A privately commissioned mosque, an hour from Istanbul, reinterprets the concept of holy space. Its architect, Emre Arolat, chooses light, shadow and aura in place of gilded domes, by Christopher Turner
Sancaklar Mosque is about an hour’s drive from the centre of Istanbul, reached through a maze of suburban, gated communities. High walls topped with razor wire hide an army of identical houses. At the edge of the settlement, the slope falls away to offer a view over pristine fields to Lake Büyükçekmece. On this wind-swept site, a new mosque for 500 worshippers clings to the contours of the slope. The Turkish architect Emre Arolat of EAA-Emre Arolat Architecture wanted to avoid the cliches of mosque architecture, and the building studiously eschews the neo-Ottoman gilded domes and balconied minarets that stud the rest of the country, each new religious site echoing the last. Instead, the rectangular tower, used by the muezzin for the call to prayer, has echoes of a Scandinavian crematorium; the austere slate and water terraces, a Swiss spa.
“I have learned a lot from Islamic architecture,” Arolat says, “but I don’t use formal devices like cupolas and domes. To work with this kind of architecture, you have to understand its aura … I believe it is more a question of feeling, the use of indirect light, shadow and space.” The architect, who is a non-practicing Muslim, believes both Le Corbusier and Louis Kahn understood this spirit, and the fluidity of space evident in traditional Islamic architecture, without resorting to pastiche. Indeed, Kahn incorporated an unconventional prayer hall, which he always referred to as a mosque, into his National Assembly Building in Bangladesh. A mosque or place of prayer, Arolat discovered on rereading the Quran, could simply be any place that was clean.

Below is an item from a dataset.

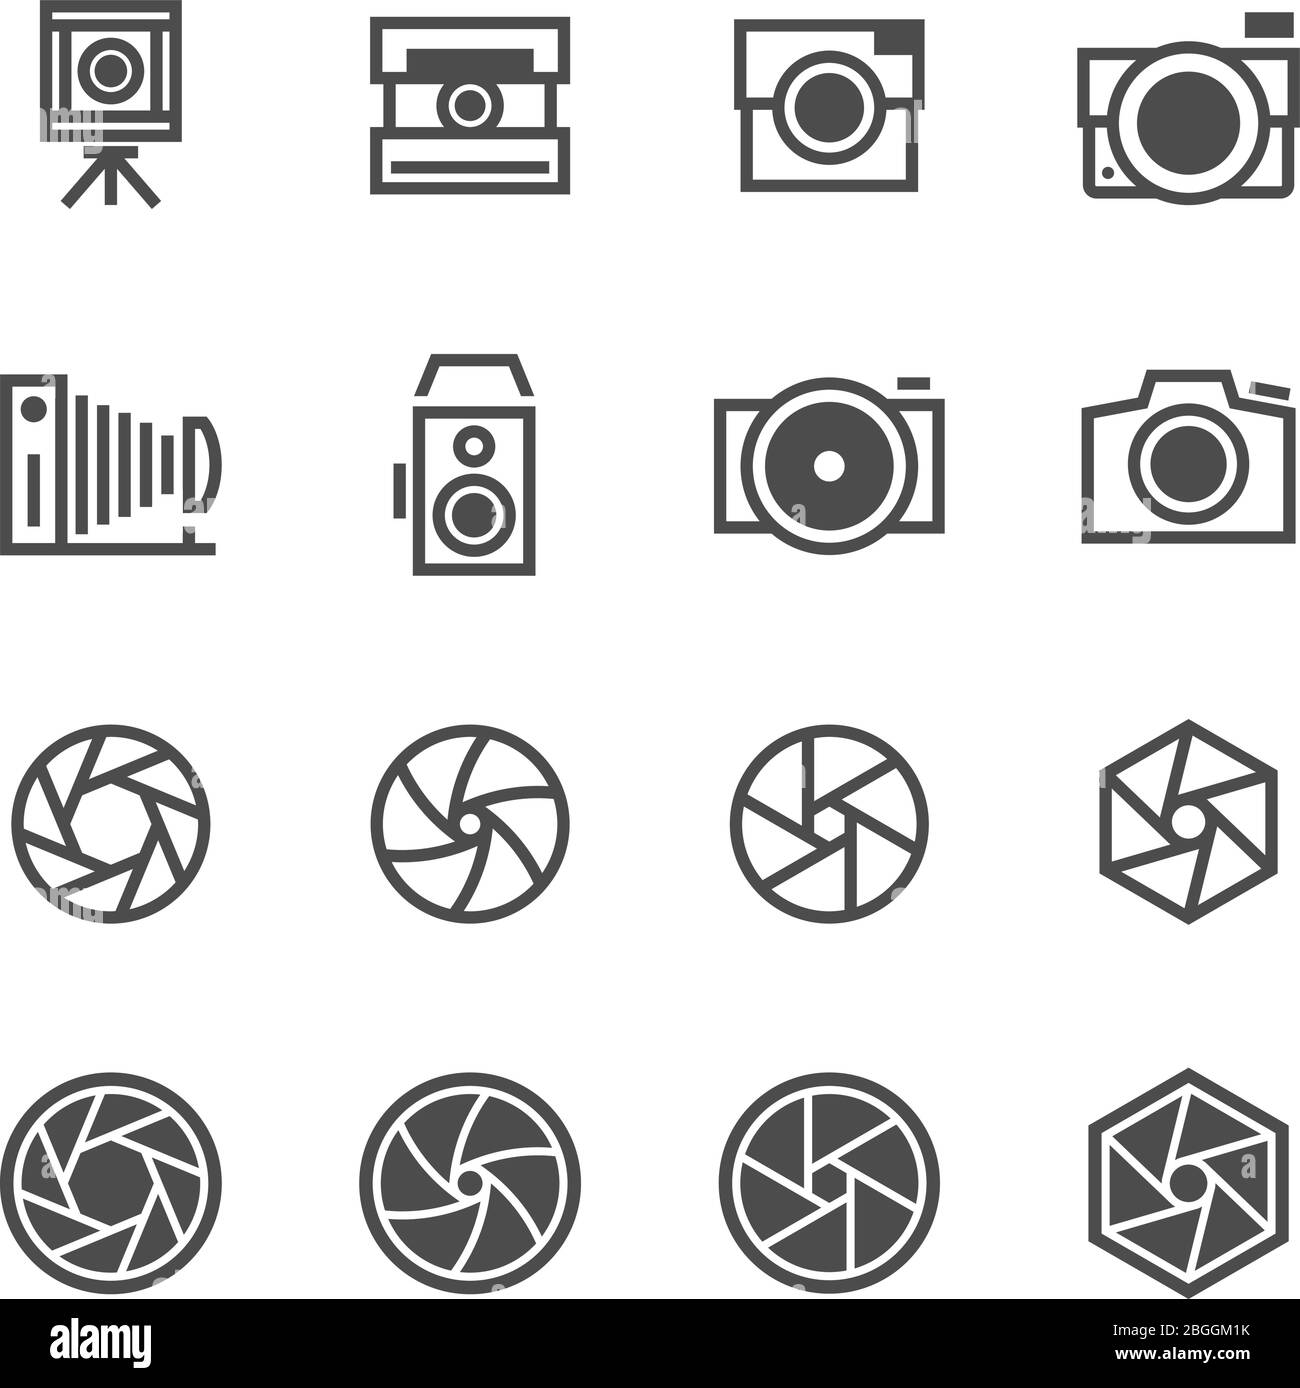 Photo camera, camcorder, photographer icons. Objective capture focus, aperture black silhouette symbols isolated. Equipment focus frame lens, shutter camera illustration Stock Vector

Arolat admits that his inclusion of a symbolic minaret was a concession to the client, the Sancak family, who live in the surrounding compounds and for whom he had previously designed two housing projects in Izmir (he had hoped a tree might act as a better marker). The mosque is otherwise camouflaged into the landscape. You walk down an amphitheatre of long slate steps embedded into the grassy hill to a courtyard space that screens the view, which can only be glanced through a narrow slit in the high walls. On the south side, where the mosque is located, a concrete canopy shields visitors, and a raked slate wall bulges awkwardly into the space. Facing it is a narrow pavilion, also clad in roughly cut slate and used as a teahouse and library, which sits in a long reflective pool. There are few clues to the site’s religious function: both the palette and effect are somewhat reminiscent of Arolat’s luxury villas in Bodrum, the Aegean peninsula from where the slate is quarried.
After visiting the solemnly lit ablution space, which could belong to Peter Zumthor’s baths in Vals, one enters the mosque, where the impression is of a contemplative chamber set into the hill. The architect took his inspiration from the cave at Mount Hira near Mecca where the Prophet Muhammad is said to have received his first revelations from the angel Gabriel. The 700sq m carpeted space is lit by the daylight leaking down the concrete Qibla wall, which faces toward Mecca. There is no dome but the irregular concentric rings in the ceiling seem to echo the contour lines of the site. A wall of black glass reflects the rows of worshippers.
The imam addresses his congregation from a raised platform called the minbar, reached by a series of steps, and leads the prayers from a simple niche in the wall that, because of the skylights above, appears as a pillar of light. Unlike conventional mosques, which have a separate area at the back for women, here they pray in the same line as men, separated by a perforated screen. The women’s section is raised by 1.5m so that they can also see the imam, which the architect refers to as “positive segregation”. Arolat’s achievement is to have built an iconoclastic mosque that subtly revokes the unwritten rules of Islamic religious architecture to create a progressive place of worship. I notice a few additional screens lying on top of the wall dividing the sexes – it is evidently not high enough for some traditionalists.
Now the Sancaklar Mosque has been named in the RIBA Awards for International Excellence 2018 from the Royal Institute of British Architects (RIBA), becoming one of the 20 best new structures. Evaluating the best new structures in the world to give the RIBA Awards for International Excellence 2018, it’s one of the most prestigious awards in this field.